# How to CTRL + ALT + HOME on MacBook keyboard???



## joe7894 (May 14, 2012)

Hi all,

When I RDP from my Windows Vista desktop to my Windows 7 desktop I'm able to do the equivalent of CTRL + ALT + DEL with CTRL + ALT + HOME which enables me to either Update and Shut Down or simply Shut Down.

When I want to do the same from my MacBook I don't have the luxury of a HOME key. Is there a combination to emulate it?
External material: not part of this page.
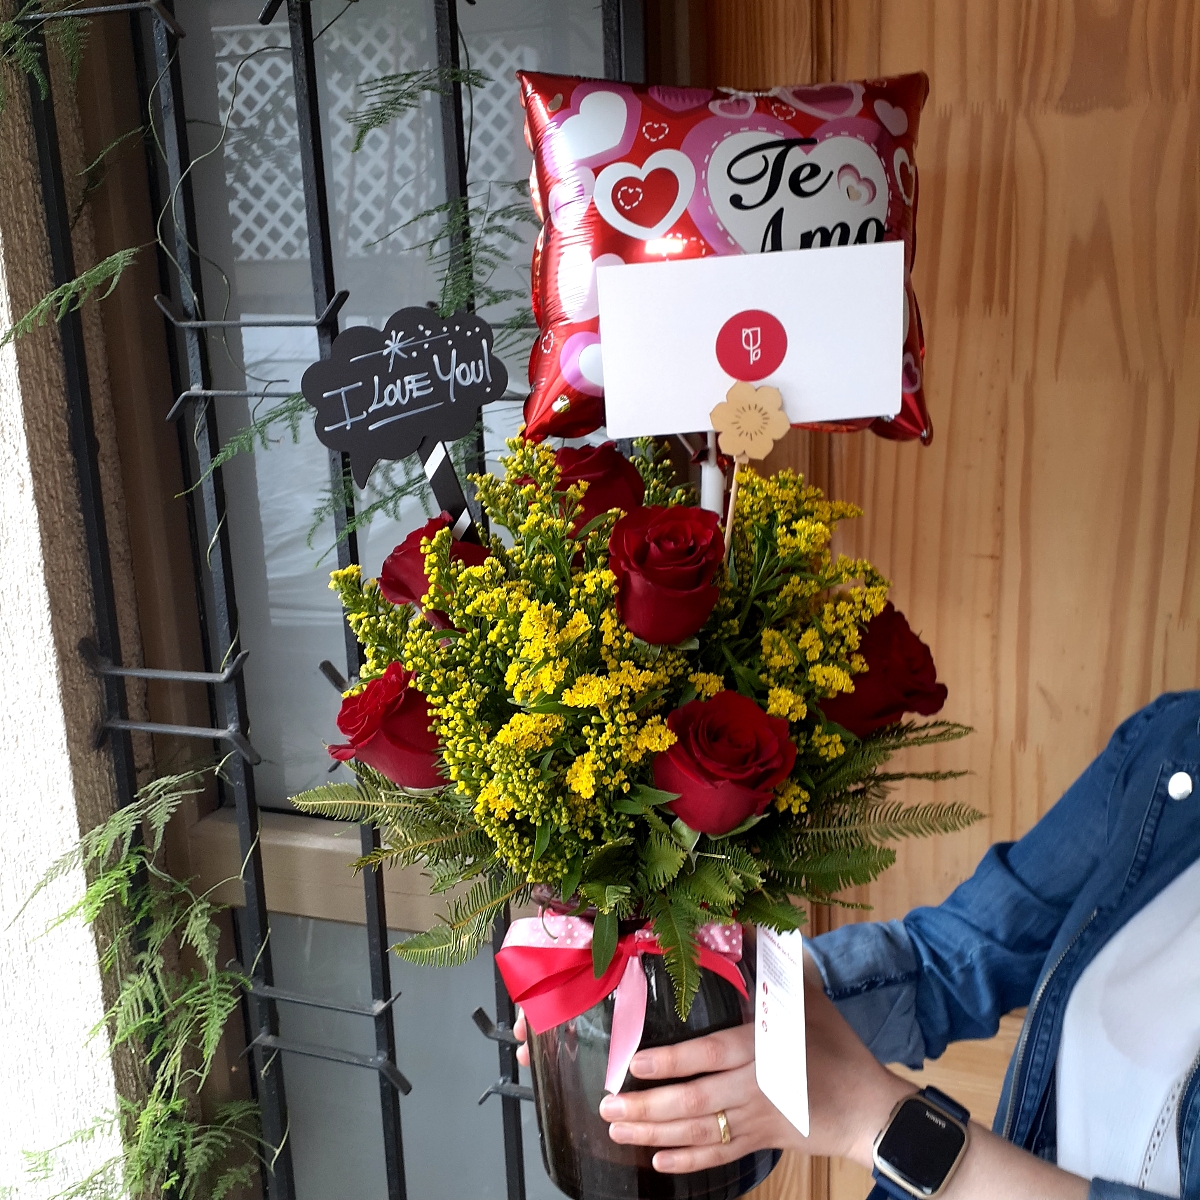 Caricias - Arreglo floral en florero con rosas ecuatorianas rojas, solidago y globo Te amo - Pedido 245052
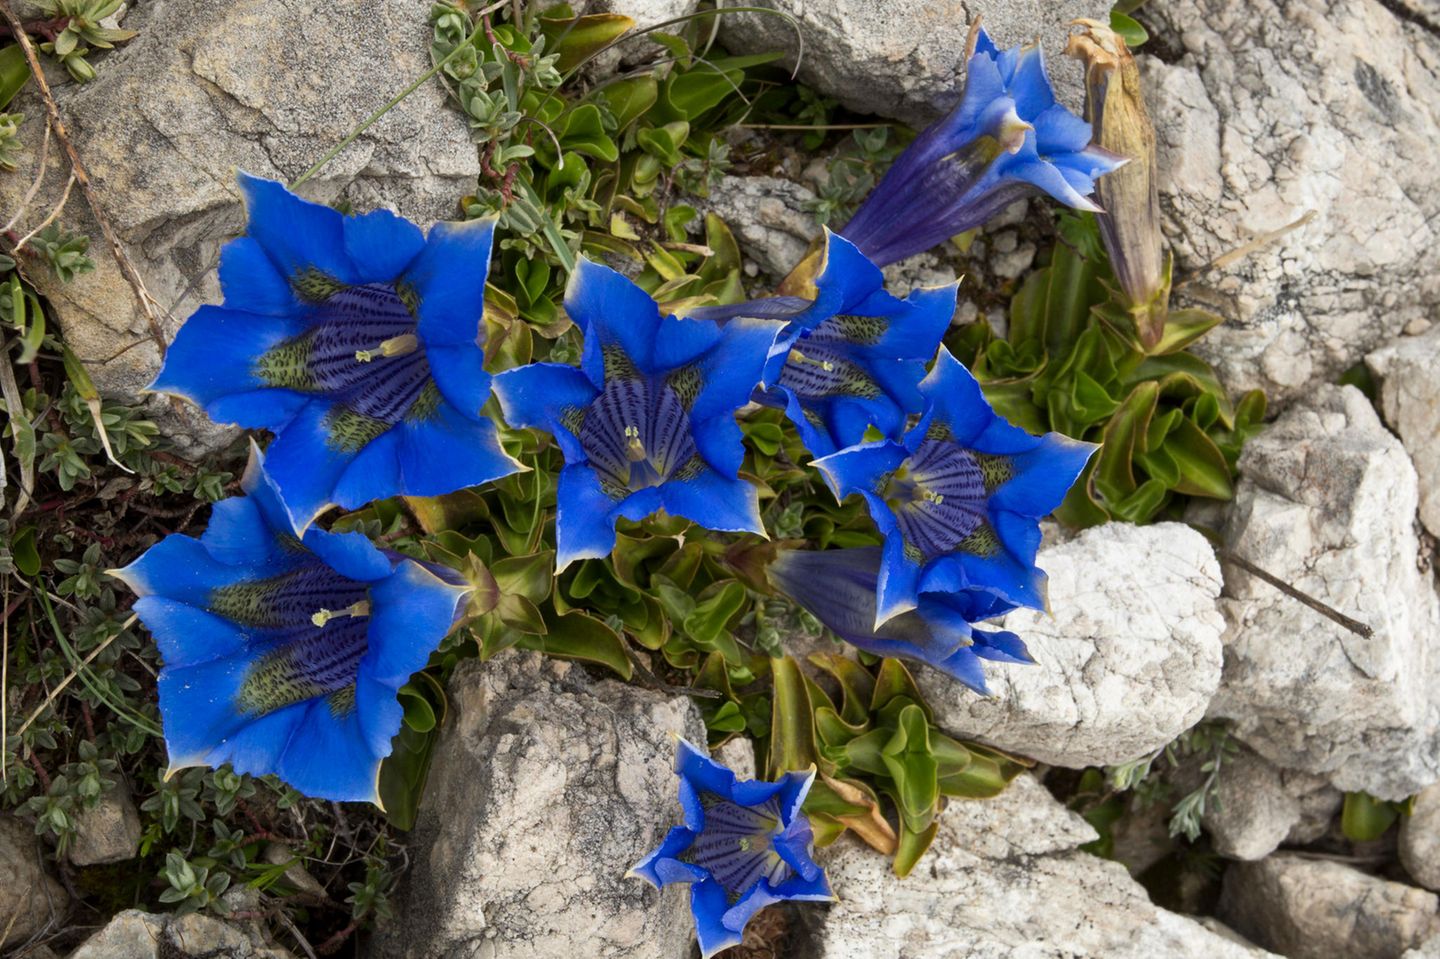 Blaue Alpenblüher wie dieser Ligurische Glocken-Enzian (Gentiana ligustica) haben besonders gute Chancen, von der Wissenschaft unter die Lupe genommen zu werden

I can't even do CTRL + ALT + DEL/HOME with the on-screen keyboard...

Thanks in advance!


----------



## MartyF81 (Jan 23, 2013)

Try Control + Alt (Option) + End

or

Function + Control + Alt (Option) + Delete

I can't remember and I don't have a Windows Machine I can RDP into right now to try it...


----------



## joe7894 (May 14, 2012)

Thanks for the reply, MartyF81.

You just made me realise I don't mean HOME, I mean END...

However, my Mac keyboard does not have a DELETE or END key so neither of your suggestions are possible.

Unless by DELETE you meant Backspace, but that only does a Windows CTRL + ALT + DELETE which doesn't work on a computer you've RDP'd to...


----------